**EXERCISE REQUIREMENTS:**
Would you retype the whole listing verbatim, keeping pictures out of it?

**DATA PROVIDED:**
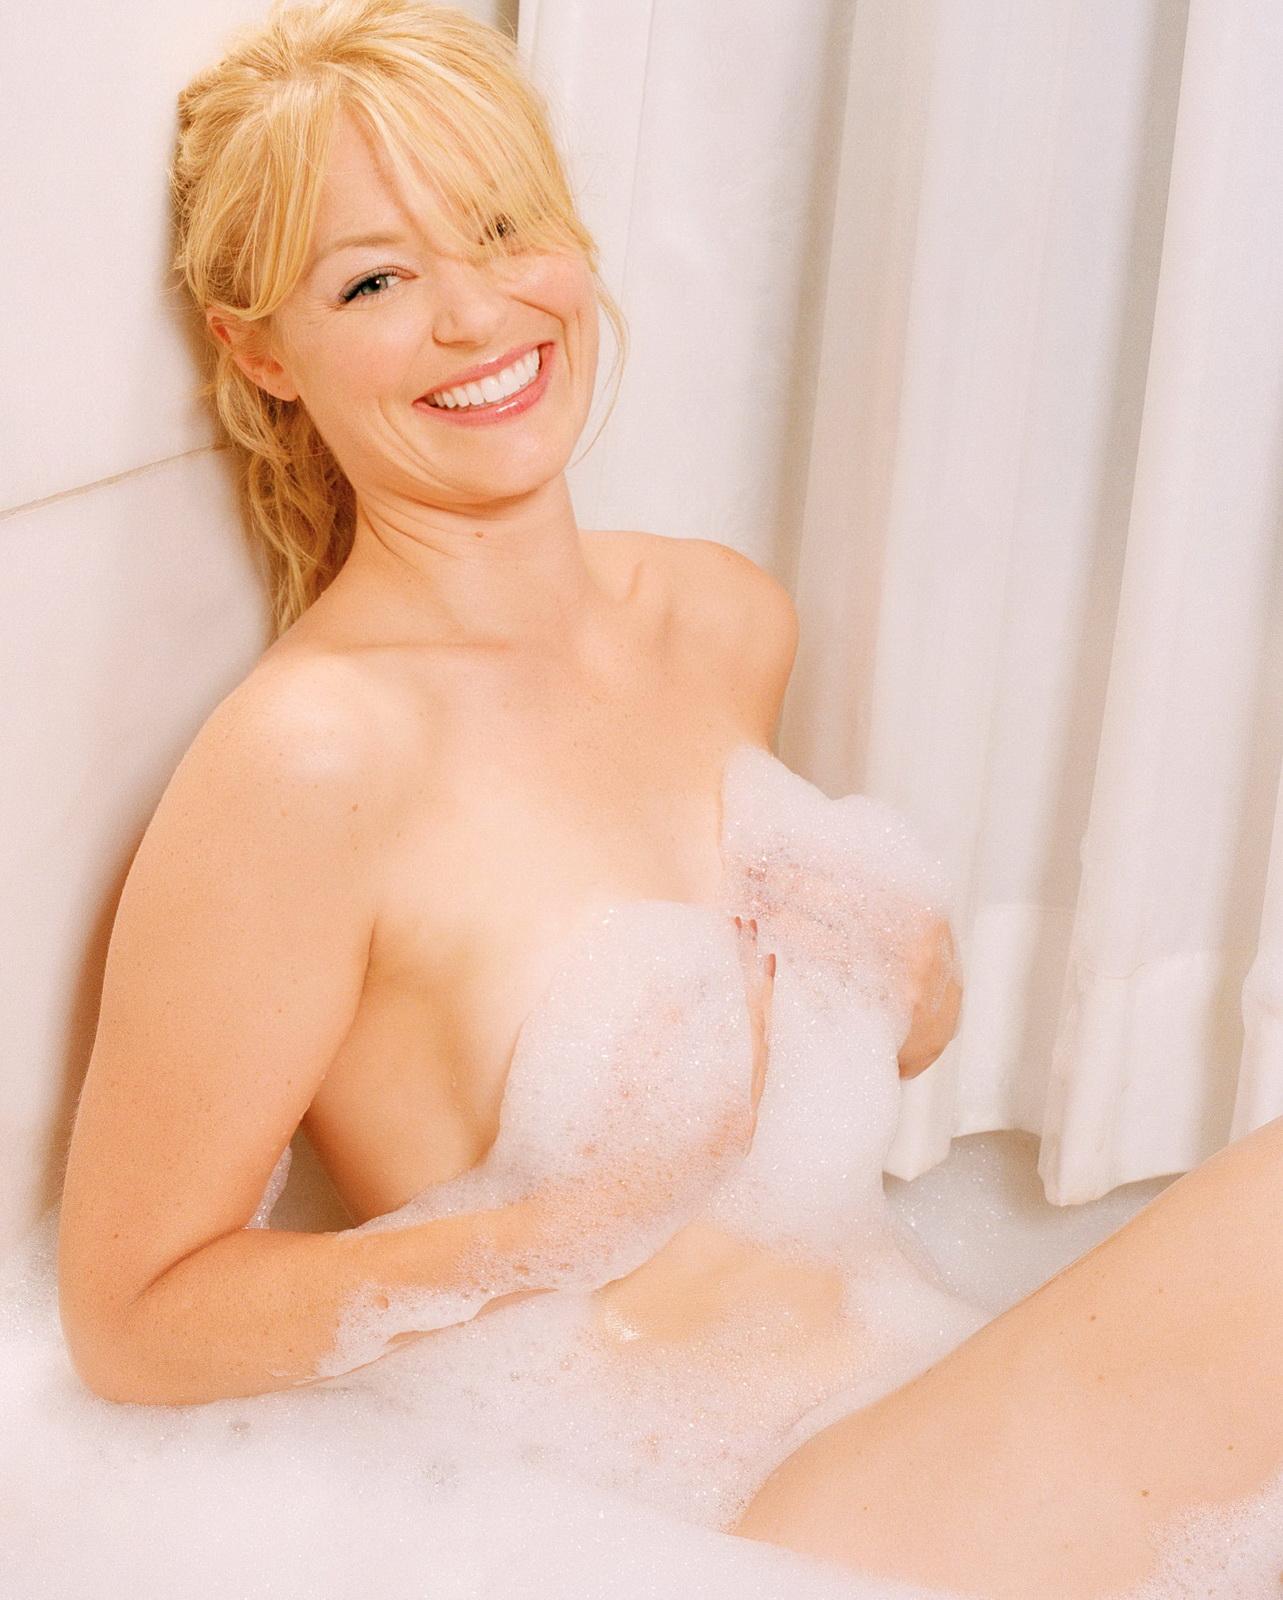 http://4.bp.blogspot.com/_NRGPIrDtEg8/TQsg8CNChPI/AAAAAAAAAYo/zG-c1o6I9Oo/s1600/Ross_Charlotte_nude_big_tits_bath_2.jpg?breasts%20ass
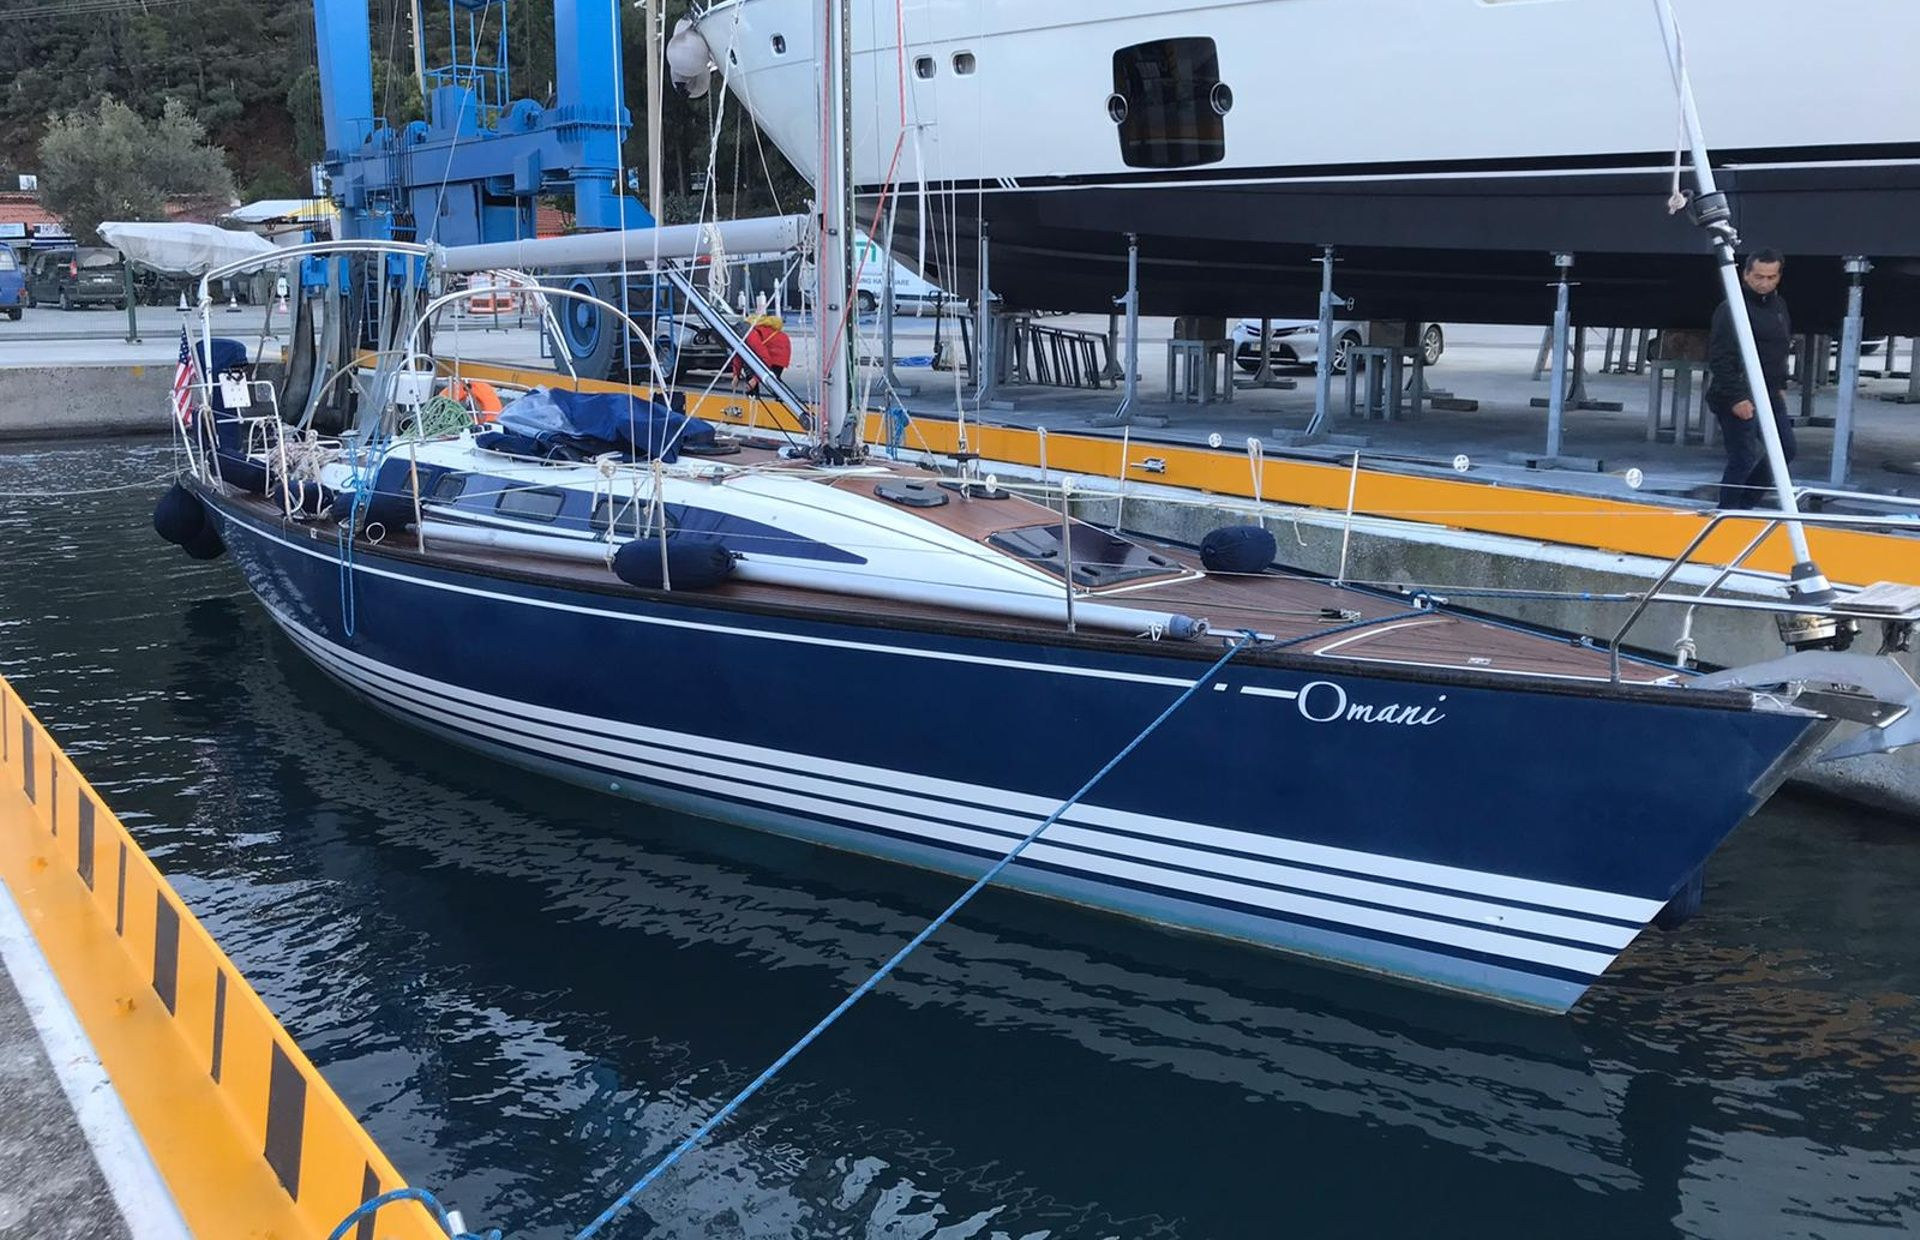 https://media.insailing.com/boat/omani/image_1581533173381.jpg
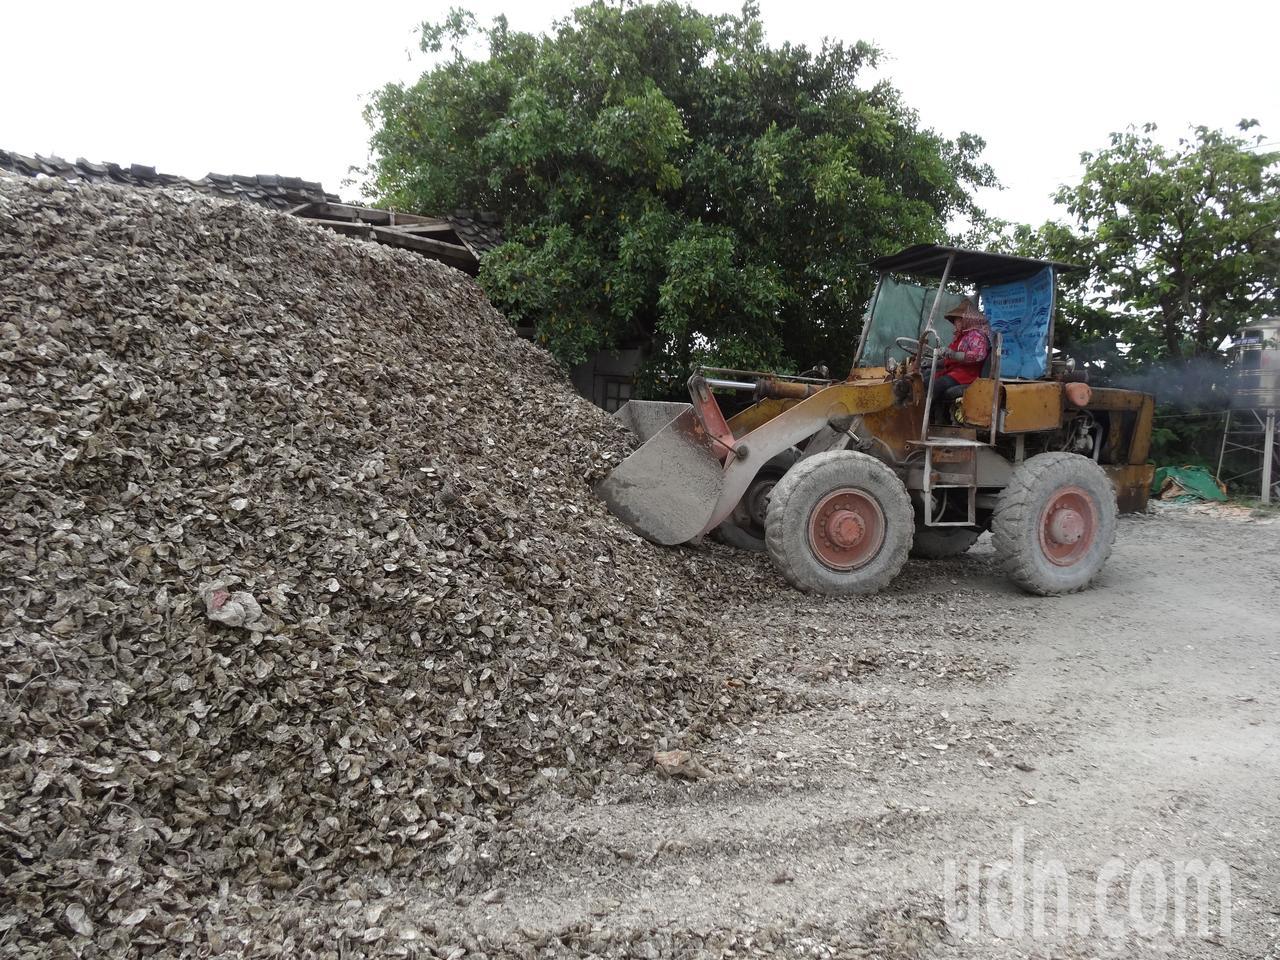 蚵殼變黃金!台糖明年在東石鄉投資建蚵殼回收處理廠

**EXERCISE RESULT:**
 http://4.bp.blogspot.com/_NRGPIrDtEg8/TQsg8CNChPI/AAAAAAAAAYo/zG-c1o6I9Oo/s1600/Ross_Charlotte_nude_big_tits_bath_2.jpg?breasts%20ass
 https://media.insailing.com/boat/omani/image_1581533173381.jpg
 蚵殼變黃金!台糖明年在東石鄉投資建蚵殼回收處理廠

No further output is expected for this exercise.